The majority are awaiting a kidney, which is the only organ that is transplanted in Lee County. Of those, 92 are registered at Southwest Florida Regional Medical Center, which is the only local transplant center.
Their chances of receiving the lifesaving organ may be significantly higher thanks to efforts underway at the hospital.
Southwest Florida Regional Medical Center is being recognized for its donor rate and will receive the National Congress Medal of Honor in October. Of all of the possible deceased donors that come into the hospital, some 75 percent give organs for transplantation. Although the organs are donated locally, the recipient often does not live in Southwest Florida.

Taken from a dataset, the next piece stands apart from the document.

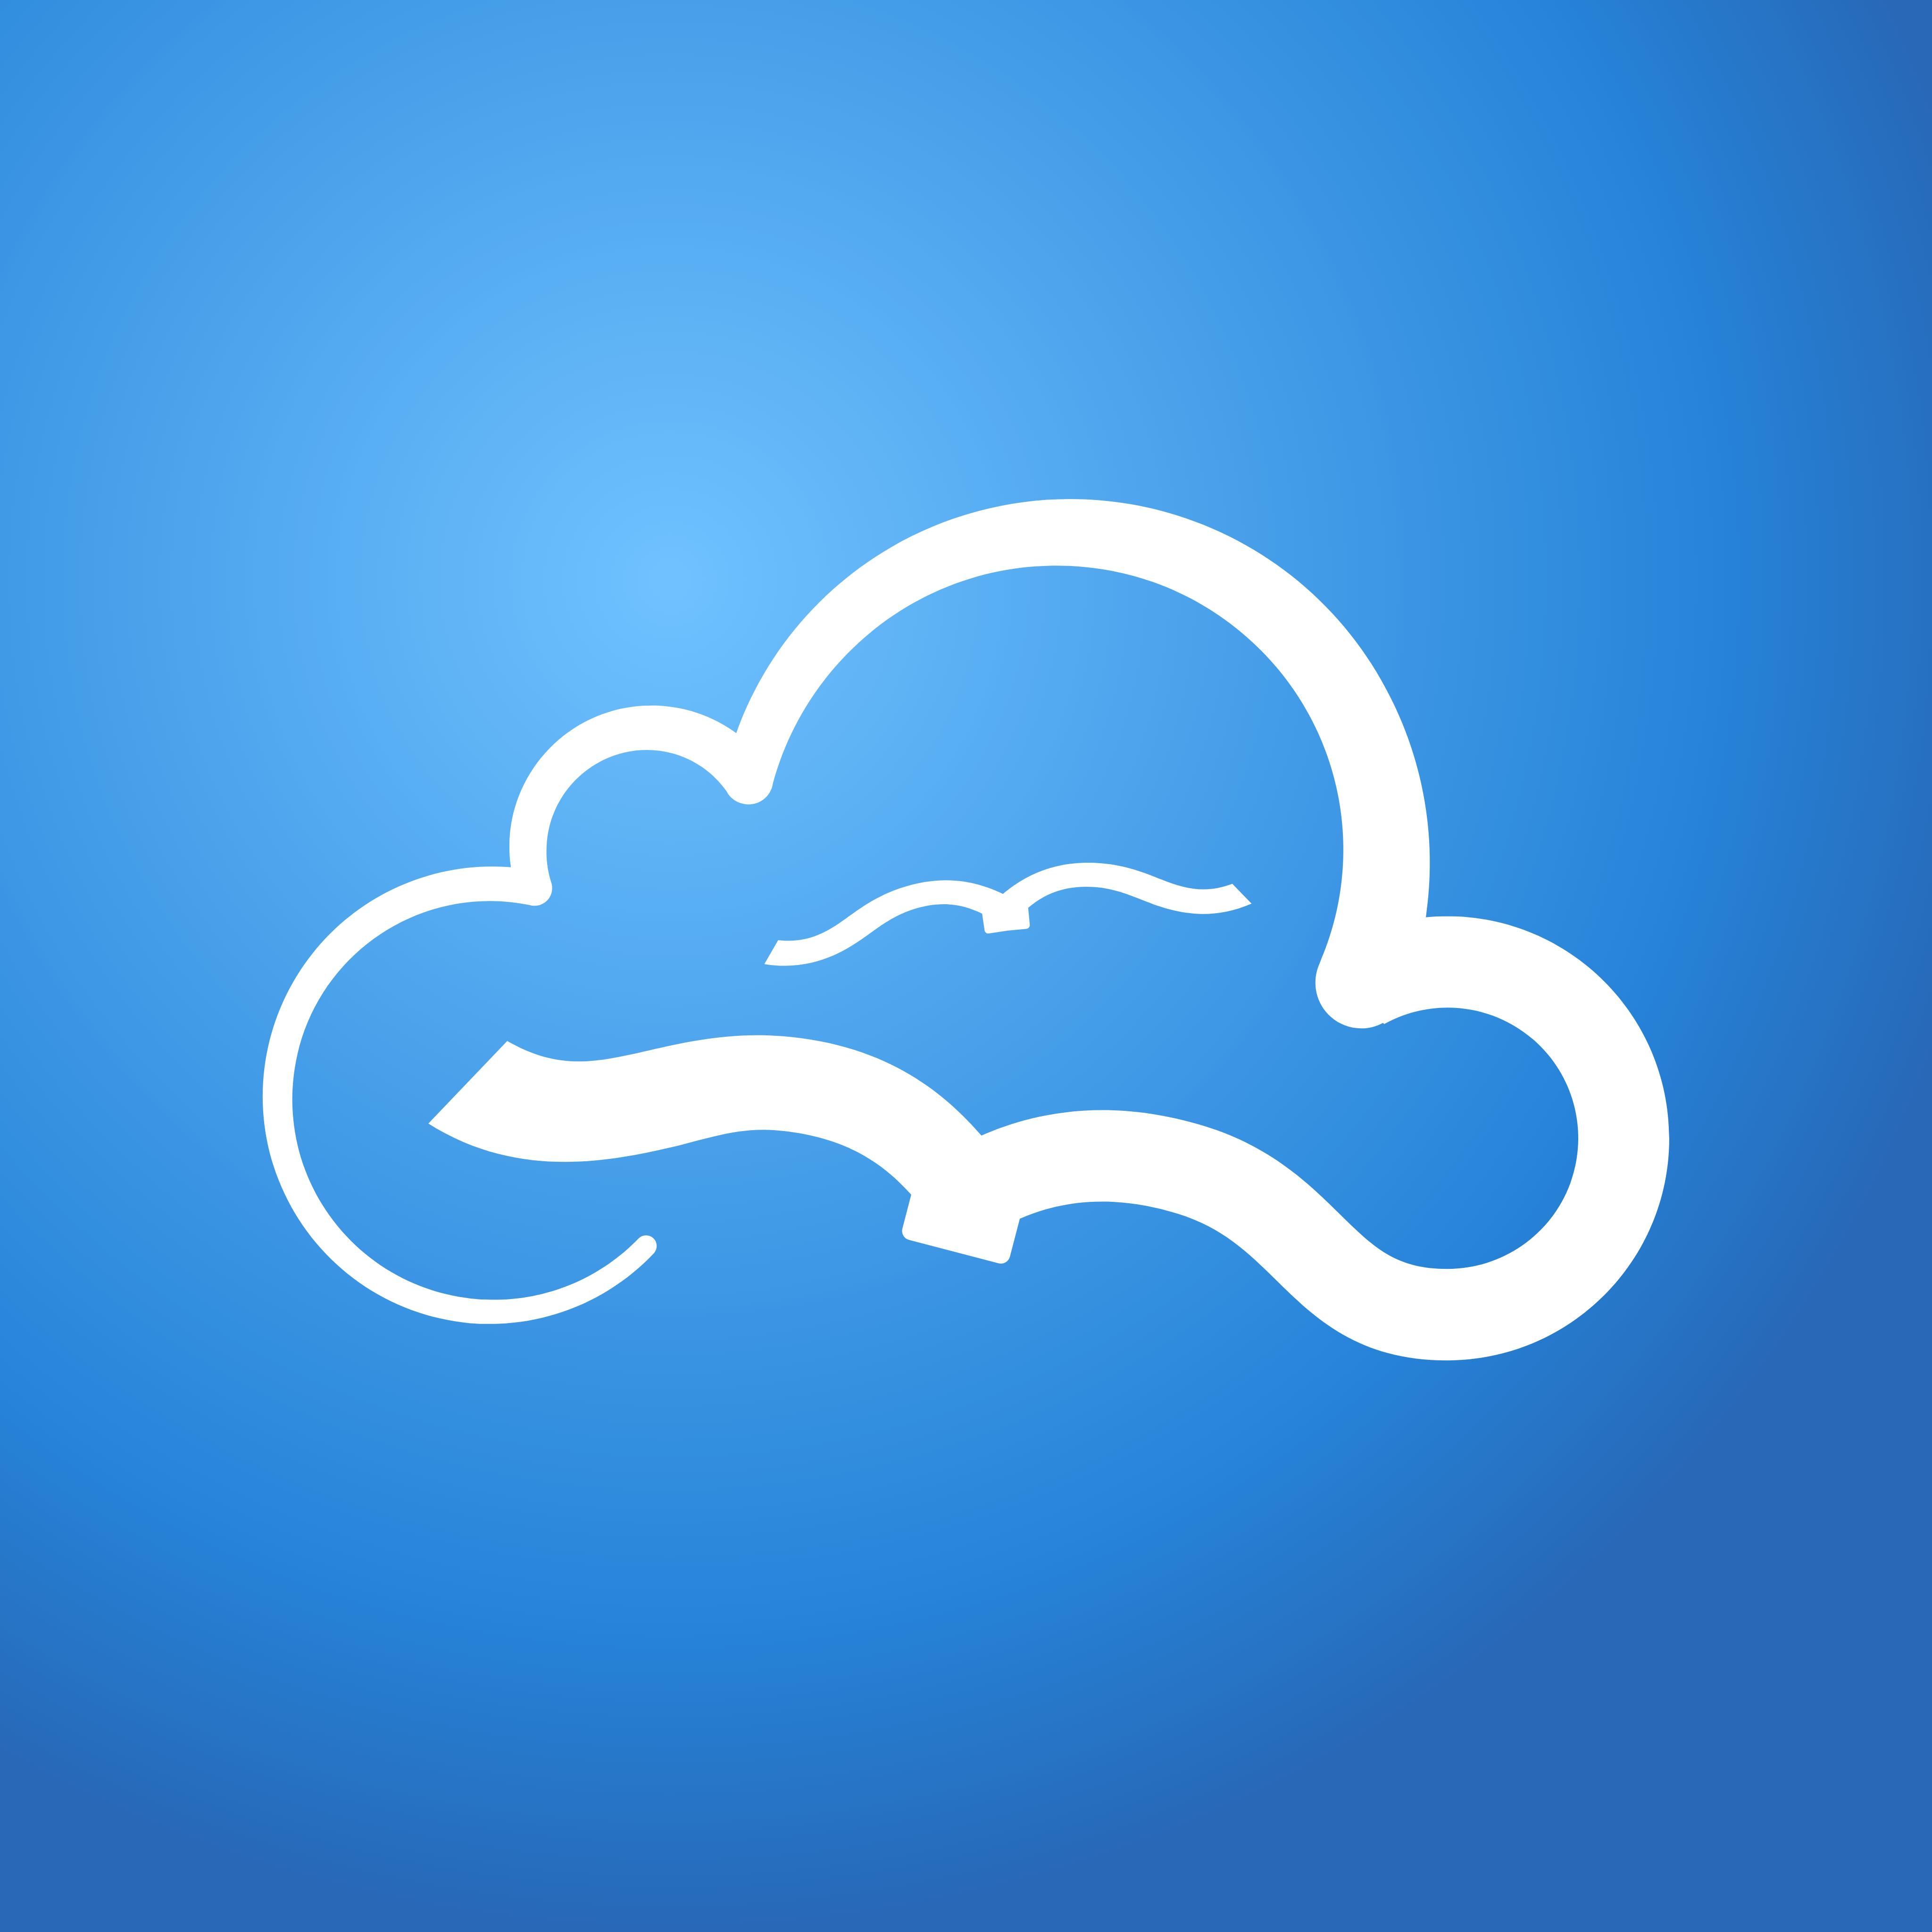 重庆涪陵教育云系统登录版v2.0.1 手机版

Organ placement is determined by factors such as immediate need and viable distance.
Most of the organs harvested are transplanted into Florida patients.
Organ donation is possible when brain death occurs. A patient is frequently placed on a ventilator, but will die as soon as it is turned off.
Cindy Boily, vice president of patient care services at Southwest Florida Regional Medical Center and Gulf Coast Hospital, said it takes continuous communication and teamwork to maintain such a high donation rate.
"One of the secrets is really good communication with the (donor) families about the condition of the patient so that the families can make informed decisions," she said. "It really is a credit to the doctors and the nurses taking care of them in critical care or in the emergency room."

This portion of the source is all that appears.